臨場感を表現するには? 動物写真家・岩合光昭さんが撮る“猫写真の秘密”
動物写真家・岩合光昭さんの最新大判写真集『ネコ日本晴れ』。都市・大阪府の中心街から、瀬戸内海に浮かぶ香川県・女木島まで、さまざまな地域に根ざして生きる猫たちがいきいきと映し出されています。 A4サイズの大きな写真集はまるで写真展のよう。猫は毛の質感まで見事に捉えられ、背景の景色も表情豊か。猫が生きる各地の美しさもしっかりと伝わってきて、どの写真も見るたび新しい発見があります。
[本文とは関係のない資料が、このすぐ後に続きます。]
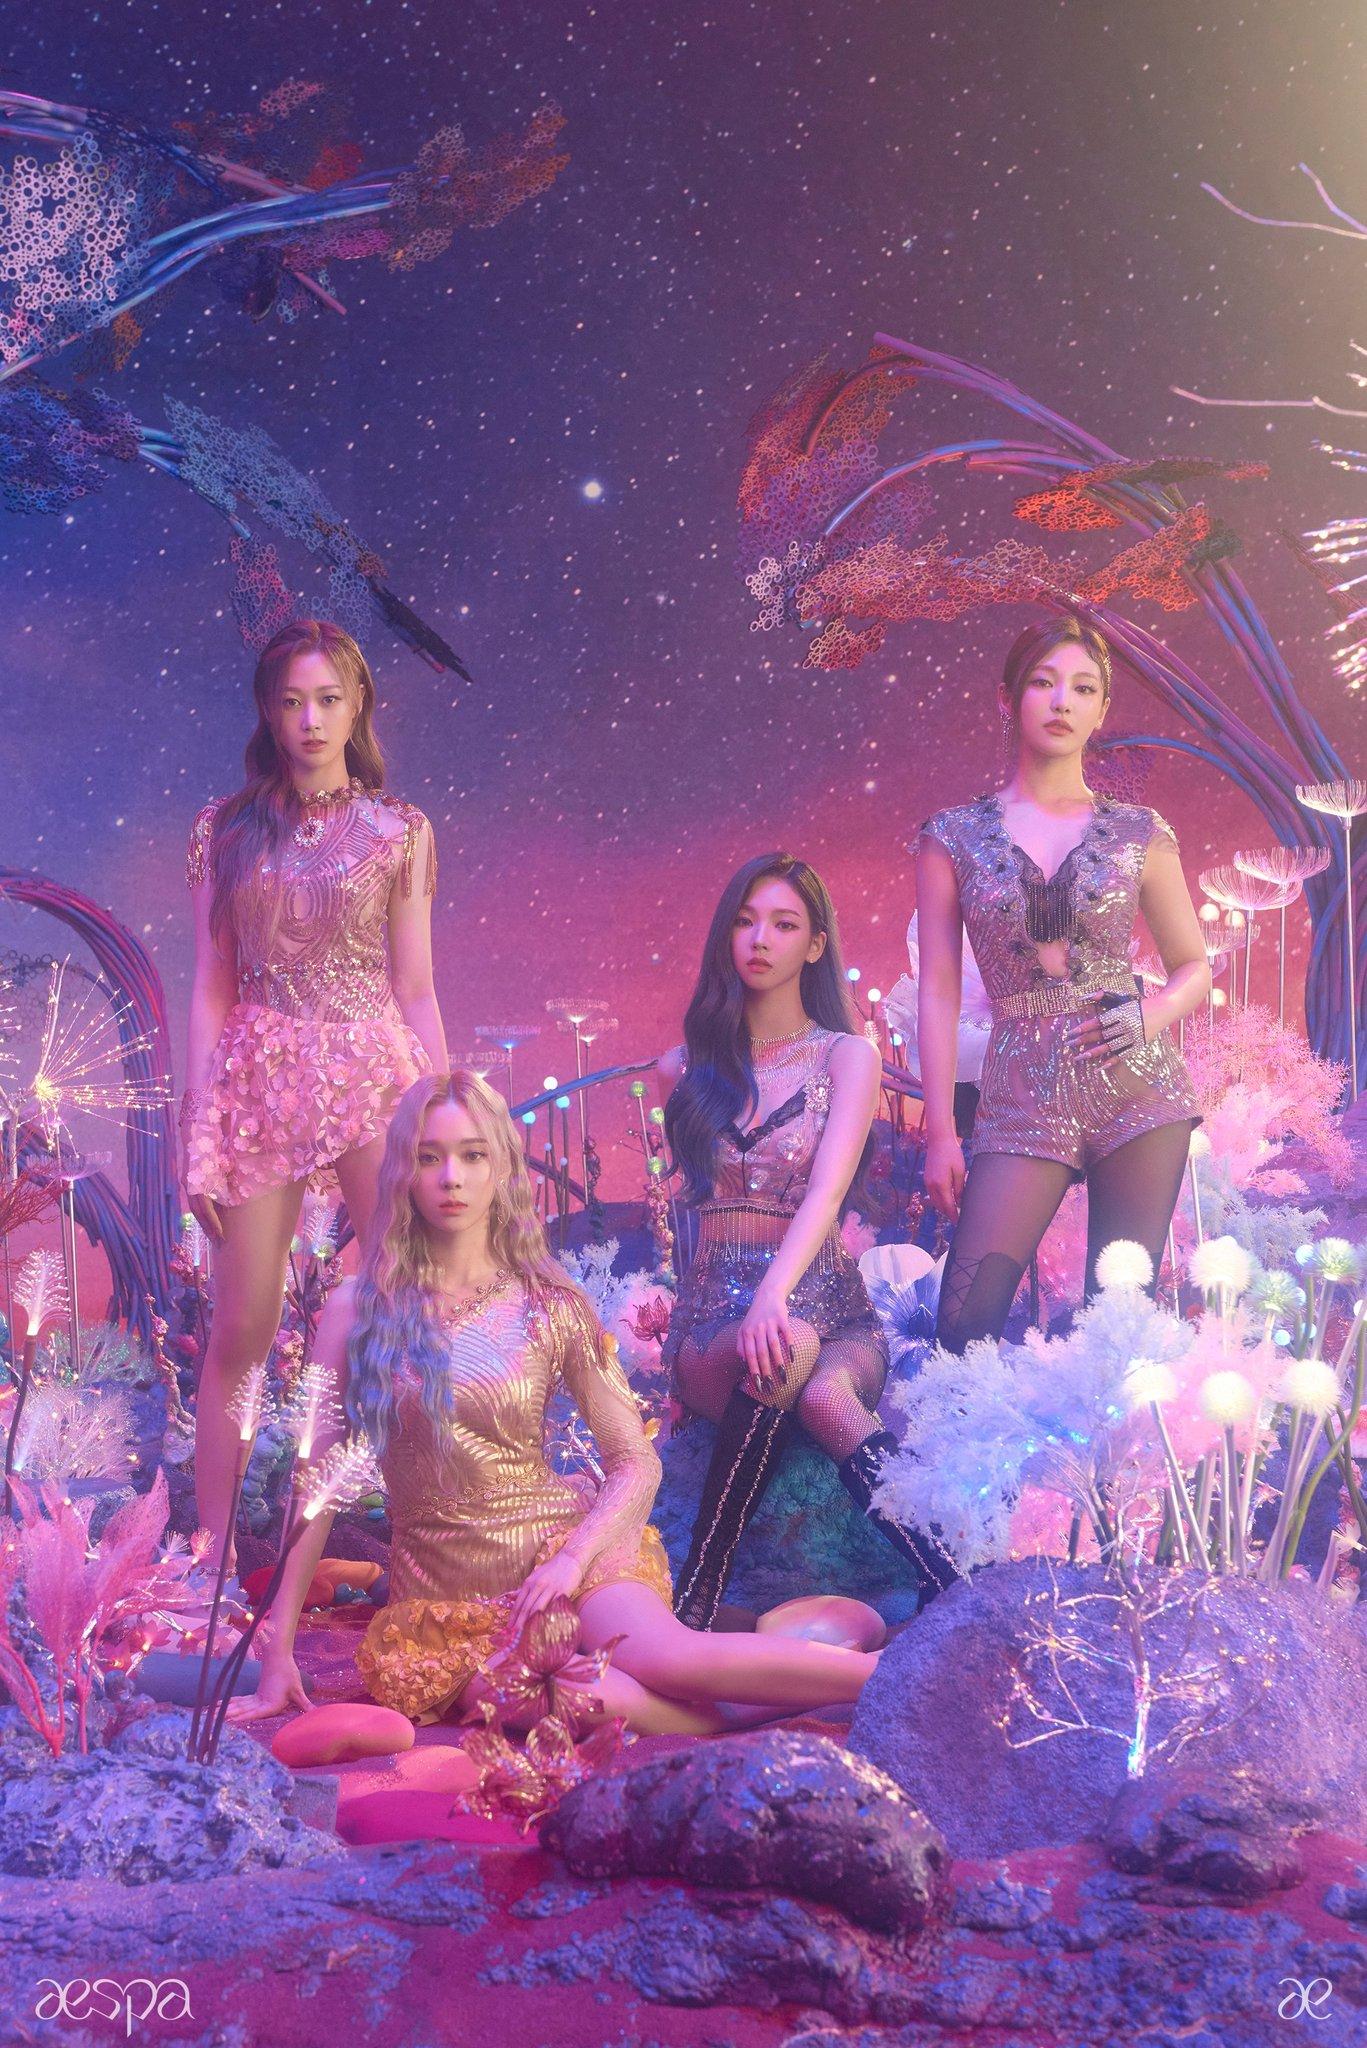 aespa Members Look Dazzling in the Latest Teaser Ahead of Debut

ディティールまで岩合ワールドが堪能できるのは大判写真集ならではの魅力です。 しかし、岩合さんの写真はどこがそんなに特別なのでしょうか? どこに秘密があるのでしょうか? 担当編集者の斎藤実が写真集に収録したカットをもとに解説します。
光も影もしっかり撮る
――『ネコ日本晴れ』は猫専門誌『猫びより』の連載をまとめた写真集ですね 【斎藤】まとめたといっても、全136カット中71点が未掲載カットですので、ほぼ別物になっていると思います。編集にあたっては岩合さんの野生動物の写真集も見ながら、より「岩合さんらしい」写真を意識して選びました。 ――ずばり、岩合さんらしさって何でしょう? 【斎藤】まず動物を見る解像度の高さでしょうか。表紙の写真は、女木島のシロちゃんという猫を撮ってるんですけど、迫力ありますよね。バーンと目の前にぬっと顔が現れたような感じ。 普通、ピーカンの時に白いものを撮ったら光で細部が飛ぶのですけど、岩合さんは意地でも飛ばさないんです。そして影の部分もしっかり撮る。ただの猫の顔なんですけど、すさまじい情報量です。毛の質感とか、骨格や肉づきまで手に取るようにわかるんです。 すみずみまで撮るということは、岩合さんが猫の毛一本一本まで意識されているということだと思います。だから、写真とは思えない臨場感が出てくるのでしょう。
猫のポーズを待つ忍耐がすごい
――今回の写真集は女木島の写真が多いですね 【斎藤】はい。「岩合光昭の世界ネコ歩き」(NHK BS)でも香川編はあったのですが、諸事情あって女木島は出てきませんでした。どちらも2020年秋の撮影なのですが、幸い天気がよかったみたいで、連日秋晴れのいいお天気だったようです。 岩合さんは数日で2万枚ほど撮影してもらいました。どれもいい写真ばかりでしたけど、表紙になったシロちゃんたちの撮影はすばらしかったですね。 他の写真や撮影日時からの推測ですが、岩合さん、毎日浜に通って徐々に猫たちと距離を詰めていたったようです。最初遠巻きに望遠レンズで撮るとか、短時間で切り上げるとかいう下準備をしてるのがわかりました。最終日にようやく張り付いて長時間撮影するんですよ。 気ままな猫に合わせて、海岸行ったり、道路行ったり、道端でゴロンしたら側溝に潜って青空バックで顔のアップ狙ったり。それで撮れたのが表紙の写真ですが、他の写真も秀逸なのが多かったですね。個人的には、シロちゃんが友達のハチワレと並んでシッポをクロスさせてる絶妙なカットが印象に残ってます。 普通、猫ってカメラの前でこんなポーズしてくれませんよ。「これだ!」というポーズをやってくれるまで待つ、驚くべき忍耐だと思います。 しかも、背景の構図が完璧ですよね。手前の花、左の林、後ろの雲と対岸の島影。猫がこの絶妙なポーズをやってくれた一瞬にこの構図でシャッター切るなんて、ただただ脱帽です。